Эмма не обращала на нее внимания. Откинув голову на спинку дивана, она смотрела в потолок. Отныне они могли делать с ней все, что заблагорассудится. Теперь ей было все равно.

Следующие несколько дней ее квартира напоминала муравейник — сюда постоянно приходили какие-то люди. Явилась работница социальной сферы по имени Зиба, или что-то в этом роде, одетая в черное, словно собралась на похороны. Пришел и некий доктор Хьюз в темно-синем полосатом костюме. Он все время интересовался у Эммы, как она себя чувствует. Она ответила, что очень устала, но заснуть не может. Доктор Хьюз пообещал назначить ей слабое успокоительное, которое непременно поможет.

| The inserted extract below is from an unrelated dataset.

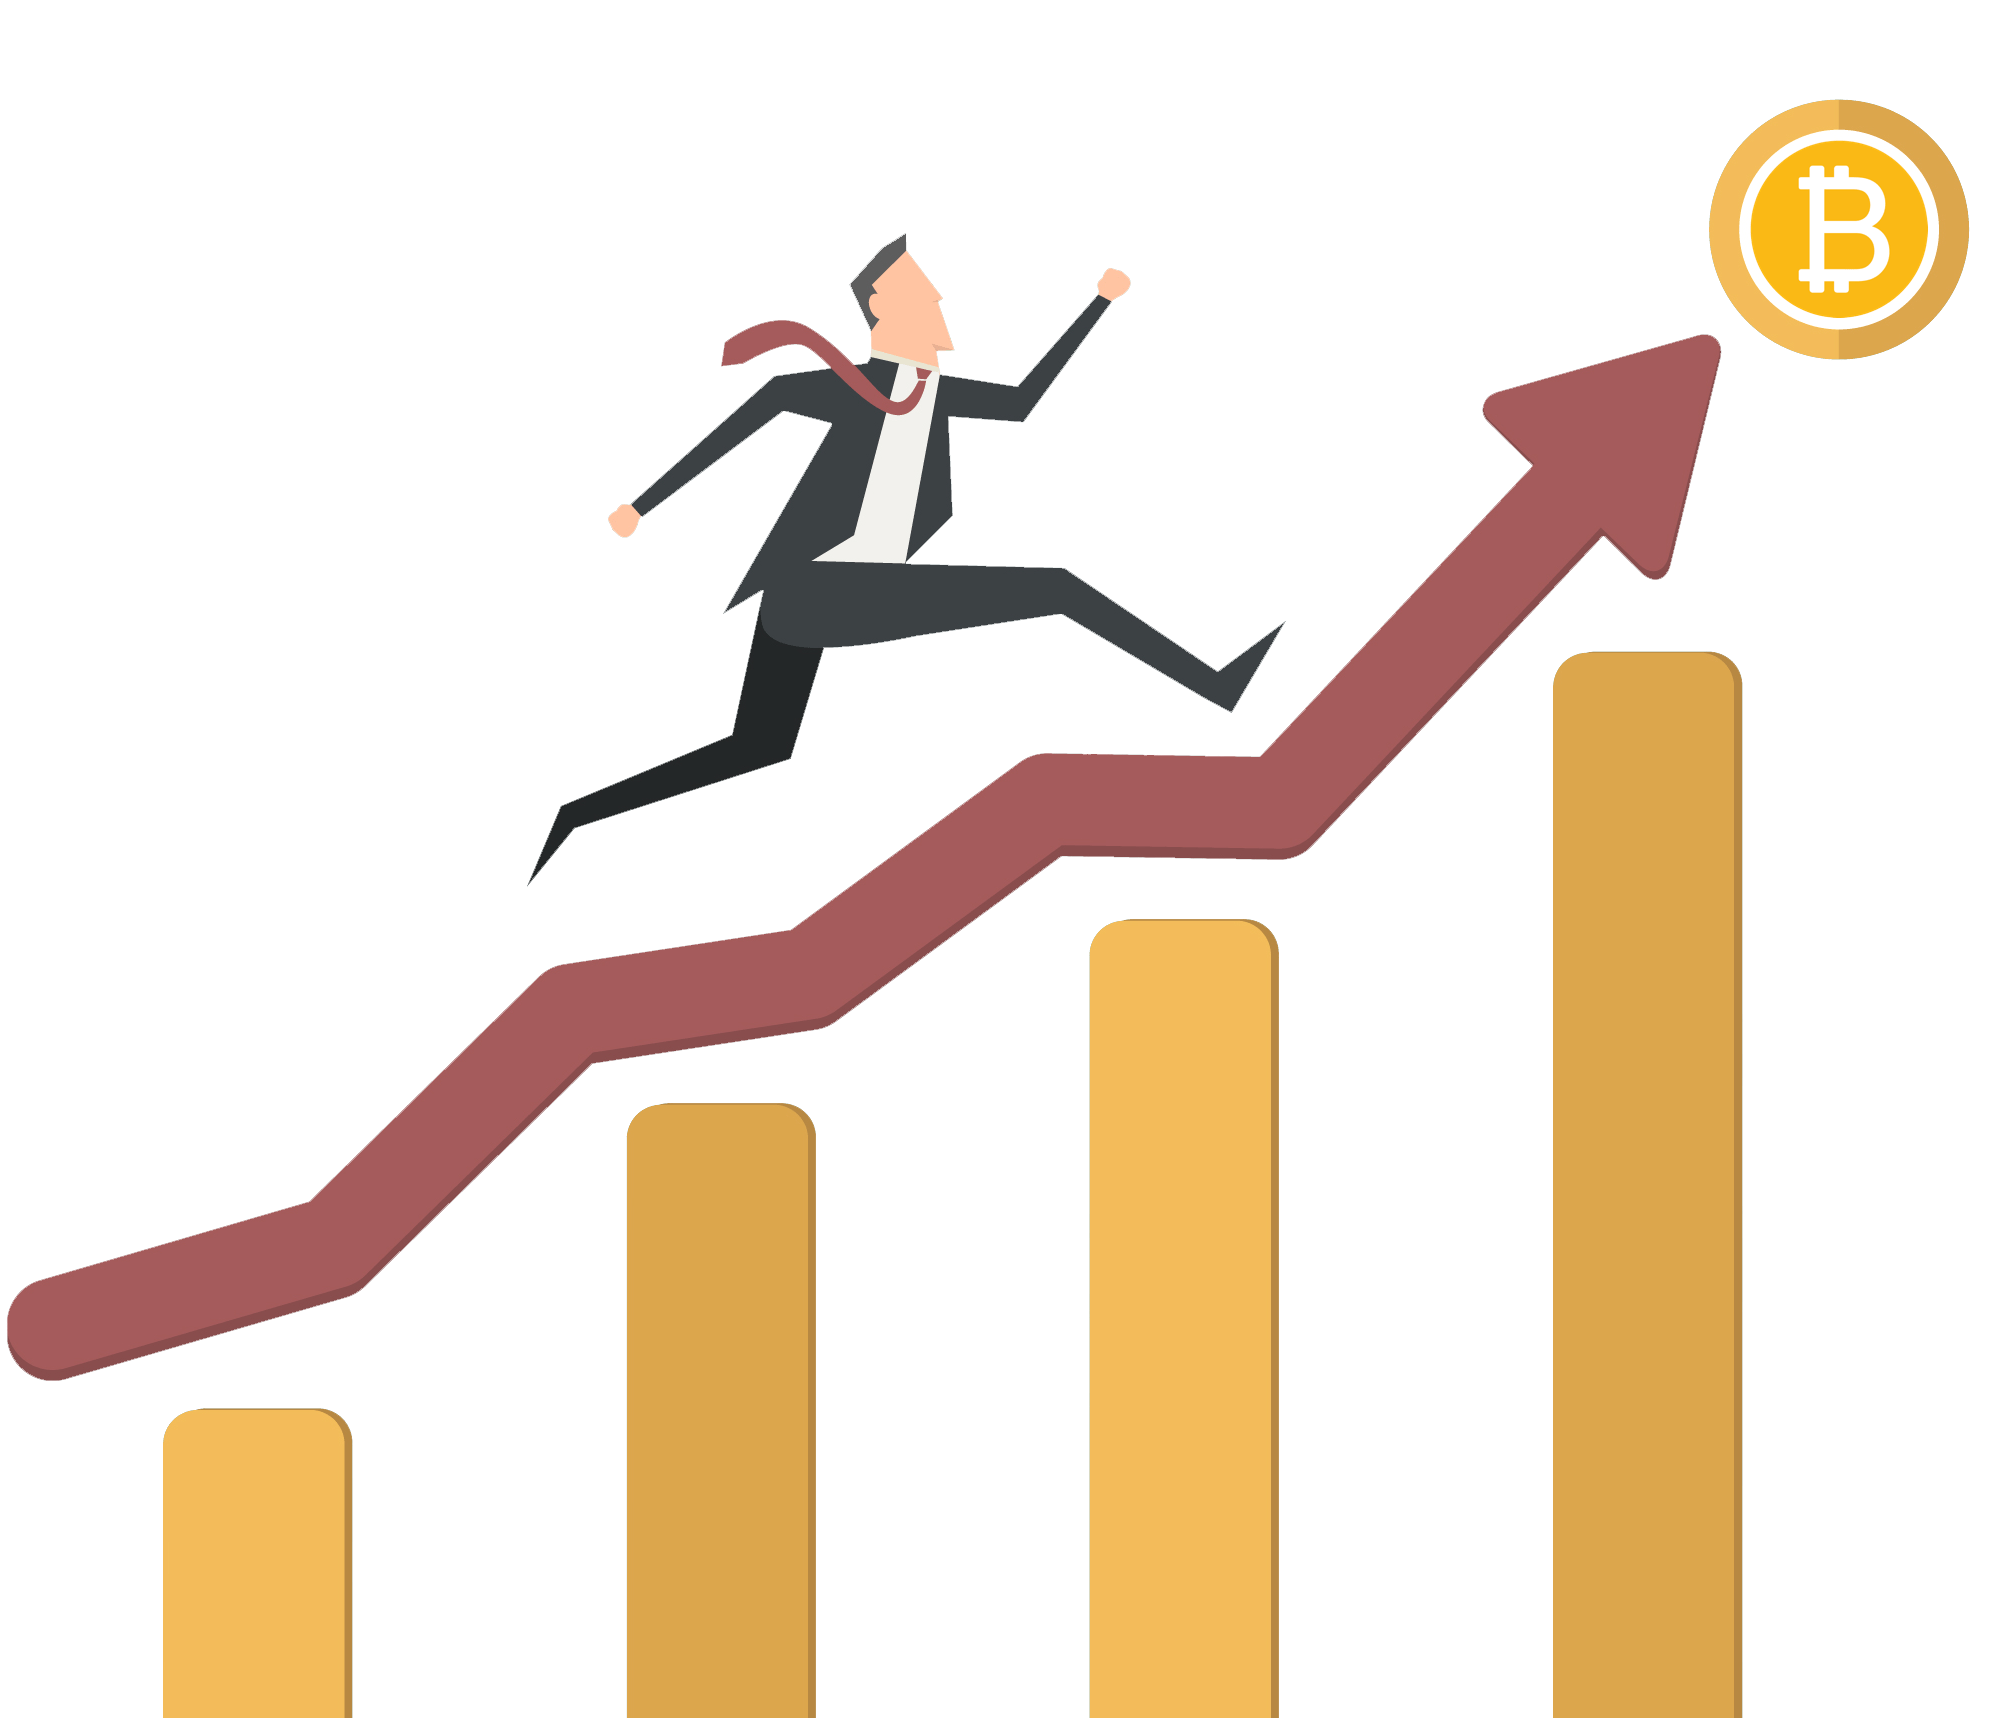 best bitcoin trading broker oanda forex login tron crypto investing

— Как вы отнесетесь к предложению лечь в больницу? — спросил он. — Ненадолго? Просто чтобы отдохнуть немного?

— Если вы считаете это необходимым, я лягу.

Доктор Хьюз записал что-то в карточке. Подумал и снова принялся писать. Врачи и полиция наверняка завели целую библиотеку, равнодушно подумала Эмма.

Доктор Хьюз пообещал:

— Мы вернемся к этому разговору попозже.

* * *

Однажды кто-то постучал в дверь. Открыв ее, Эмма увидела на пороге медсестру в синем. Она спала, и стук разбудил ее, так что несколько мгновений она никак не могла сообразить, что происходит. Значит, она все-таки попала в больницу? Но медсестра оказалась Розиной Алькарес. Она держала в руках пластиковую коробку «Тапперуэр», от которой соблазнительно пахло специями.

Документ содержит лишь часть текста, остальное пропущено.